Posted: Friday, March 15, 2013 10:53 AM
Steve Brown/Capital Press
Dale Reiner, left, treasurer for Qualco Energy, describes the nonprofit partnership's anaerobic digester, which operates in Snohomish County. Along with systems manager Andy Werkhoven and president Daryl Williams, he answered questions from Thurston County residents considering a digester project in their area.
By STEVE BROWN
OLYMPIA -- With four years of experience behind them, owners of an anaerobic digester in Snohomish County, Wash., say the operation has brought many benefits -- and some challenges.
Dairy farmer Andy Werkoven, systems manager for the nonprofit partnership Qualco Energy, told Thurston County citizens interested in building a similar operation that the digester is "like a mechanical rumen in a lot of ways."
Just as he learned to adjust his cows' feed, he has learned to change the recipe of what goes into the digester.
But the structure was not built for the mix of inputs it now handles. Qualco president Daryl Williams said it was designed only for cow manure, but the addition of trap grease, expired beer and preconsumer food waste has complicated the operation.
One thing treasurer Dale Reiner said Qualco would do differently is the timing of the startup. Before the system could work, its 1,452,000-gallon digester had to be brought up to 100 degrees, not a quick task in December.
And the system is not cheap. The $4 million project was funded by a 13-year loan through a Bank of America Clean Energy Bond and a USDA grant of $500,000.
Despite the challenges, Reiner said, the system is doing what it's supposed to do, keeping the manure and the other waste products out of landfills and sewers and converting them into useful products: electricity, high-quality compost and liquid effluent ready to apply to the dairy's fields.
"We take the slop in life and make the best of it. This system thrives on slop," Werkhoven said.
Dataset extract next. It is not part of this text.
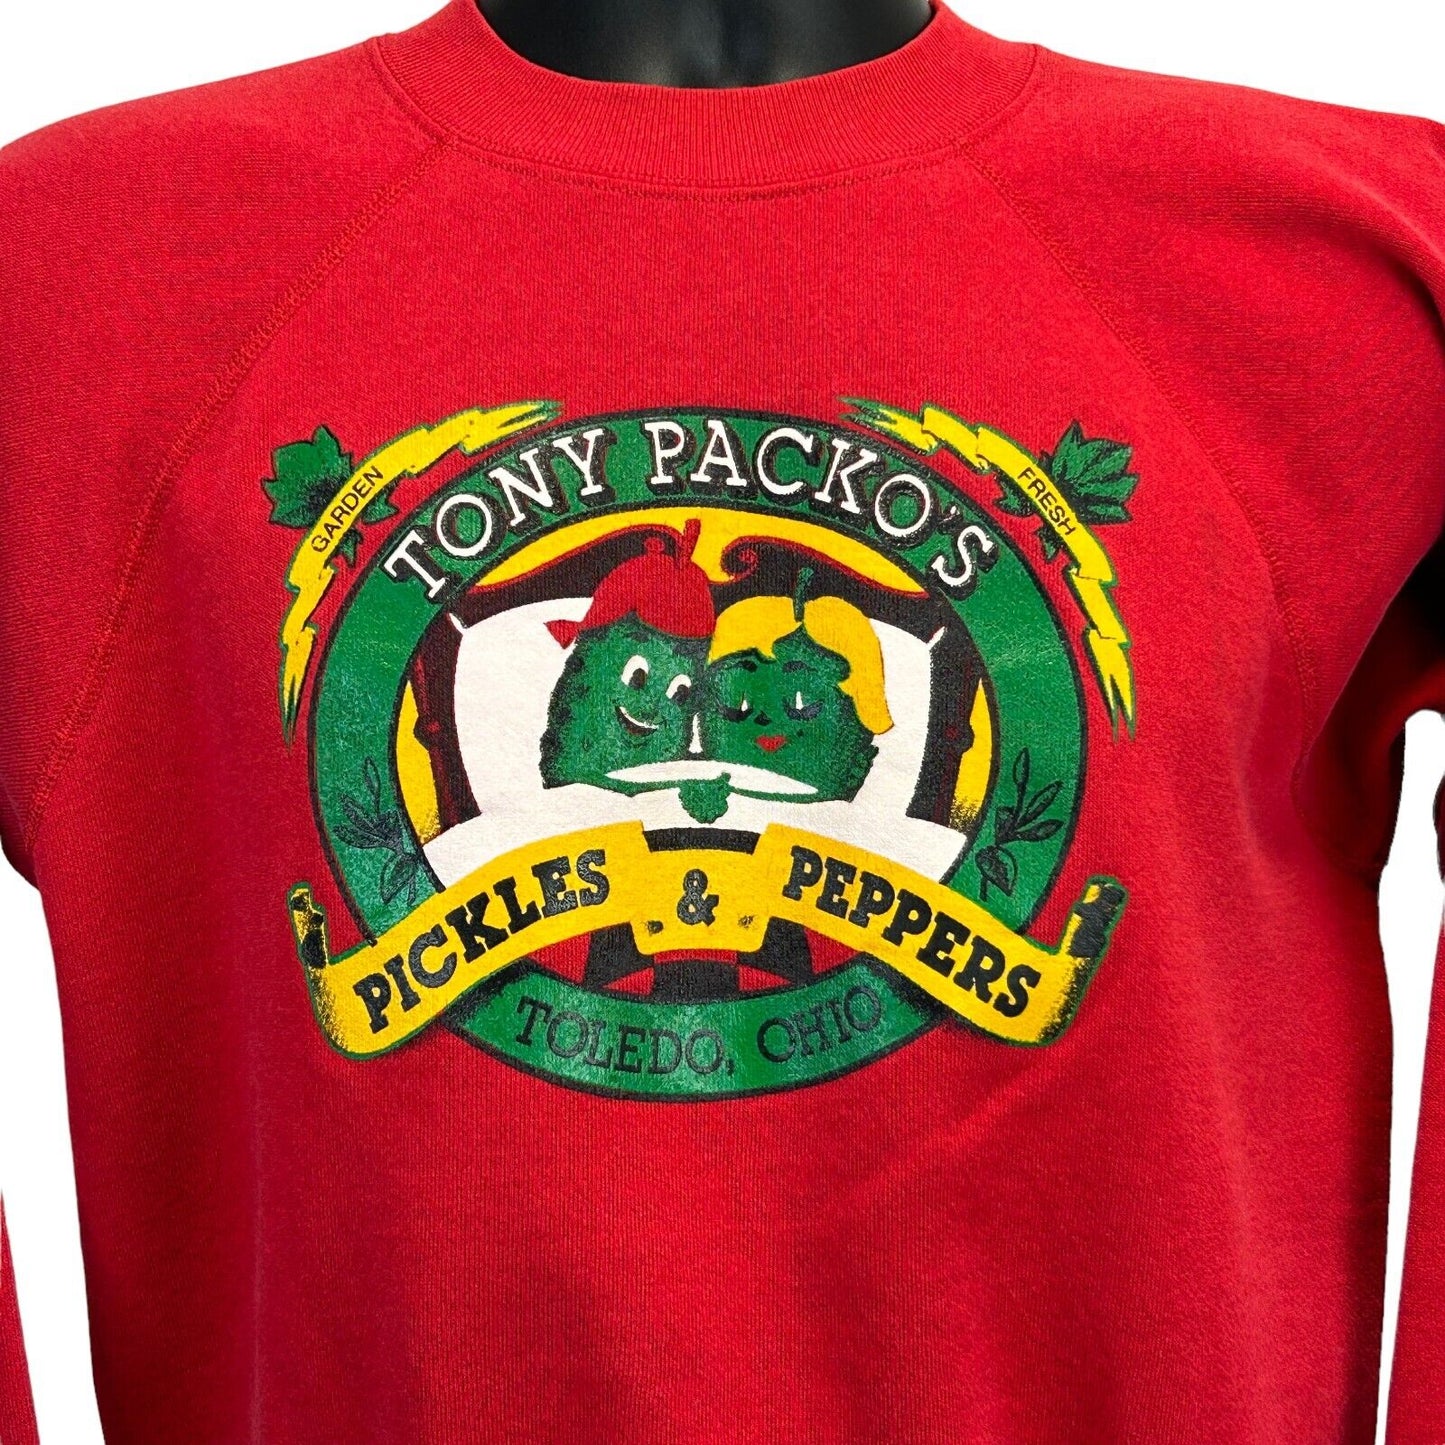 Tony Packo's Pickles & Peppers Vintage 90s Sweatshirt Toledo Ohio USA Made Small

The best benefit, Williams said, is the relationships the project has developed. It has brought farmers, environmentalists and Native Americans together.
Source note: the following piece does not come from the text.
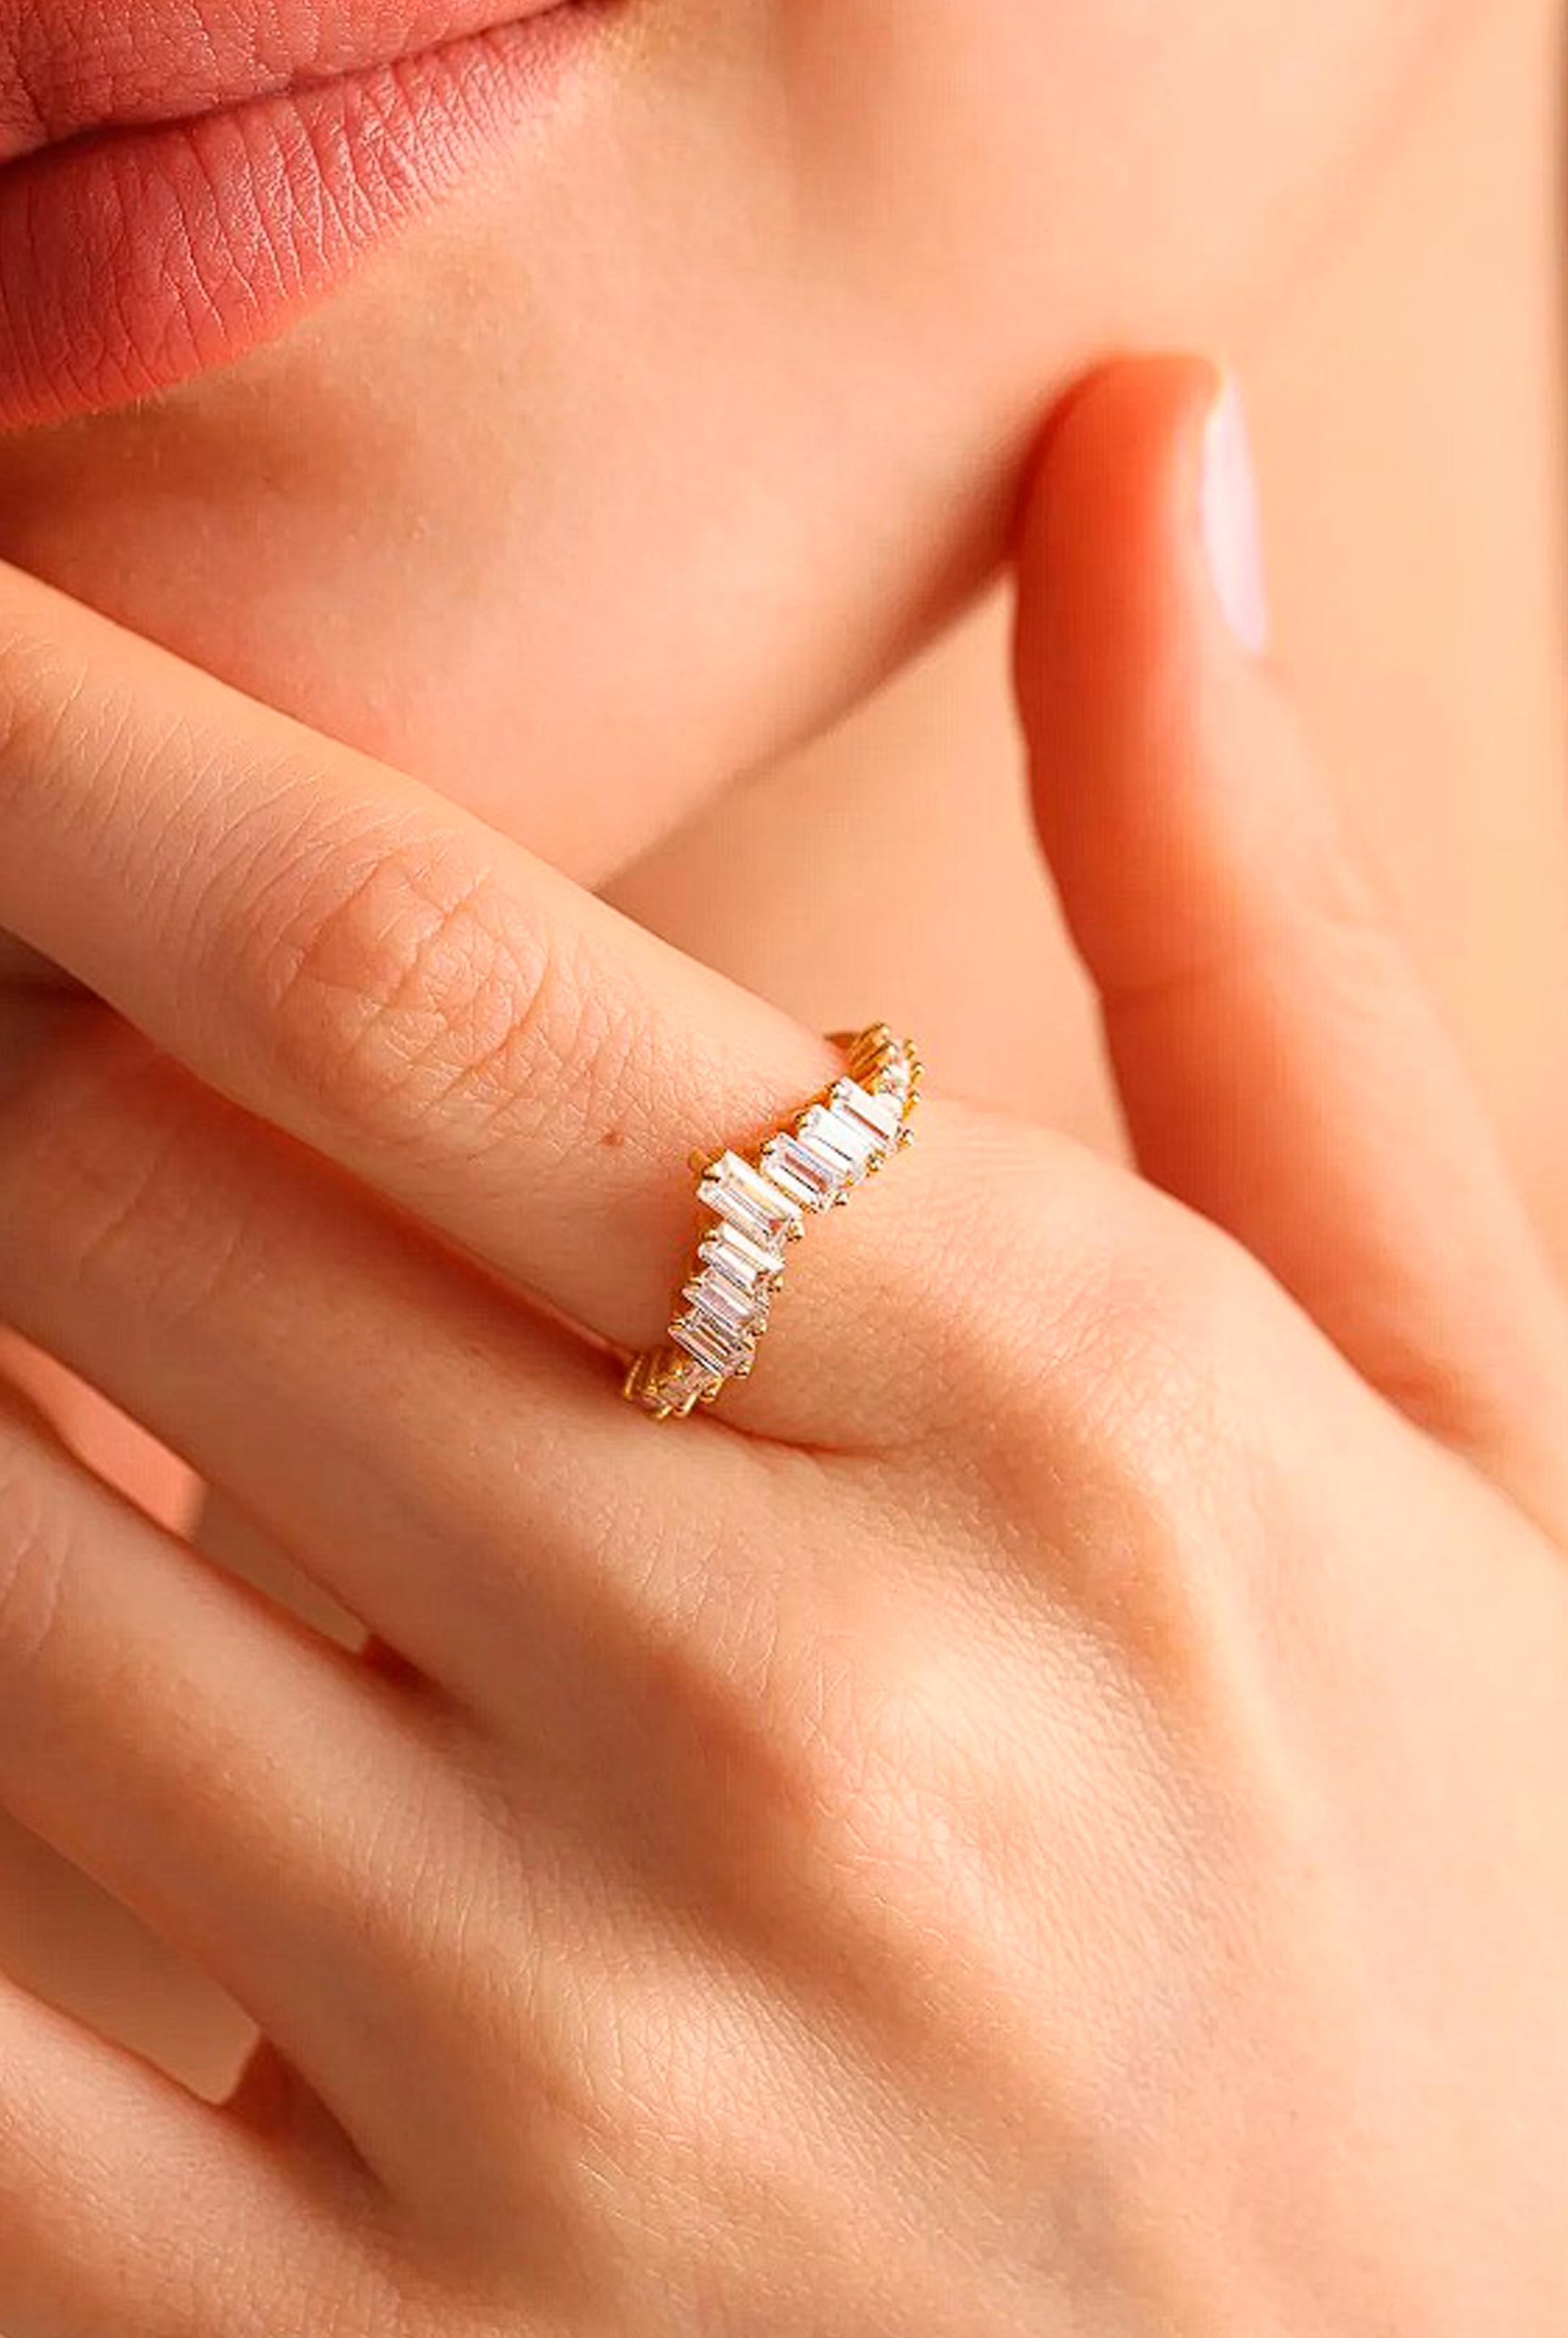 For Sale:  Baguette cut moissanite 14k gold engagement ring. 6

The nearby Snohomish River watershed had to be protected as salmon habitat, and for the Tulalip Tribes, "the river is our lifeblood," said Williams, who is also the tribes' environmental liaison.
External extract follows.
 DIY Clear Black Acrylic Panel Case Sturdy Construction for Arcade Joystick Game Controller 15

Reiner said the idea of raising cattle on one side of the high-water mark and protecting salmon on the other side became the basis for the close relationship.
The panel discussion in Olympia is just the initial conversation for Thurston County interests, said Lucas Patzek, director of the county Washington State University Extension office.
Sandra Romero, Thurston County commissioner, said the meeting left her "more energized than ever. If Snohomish County can do it, we can do it."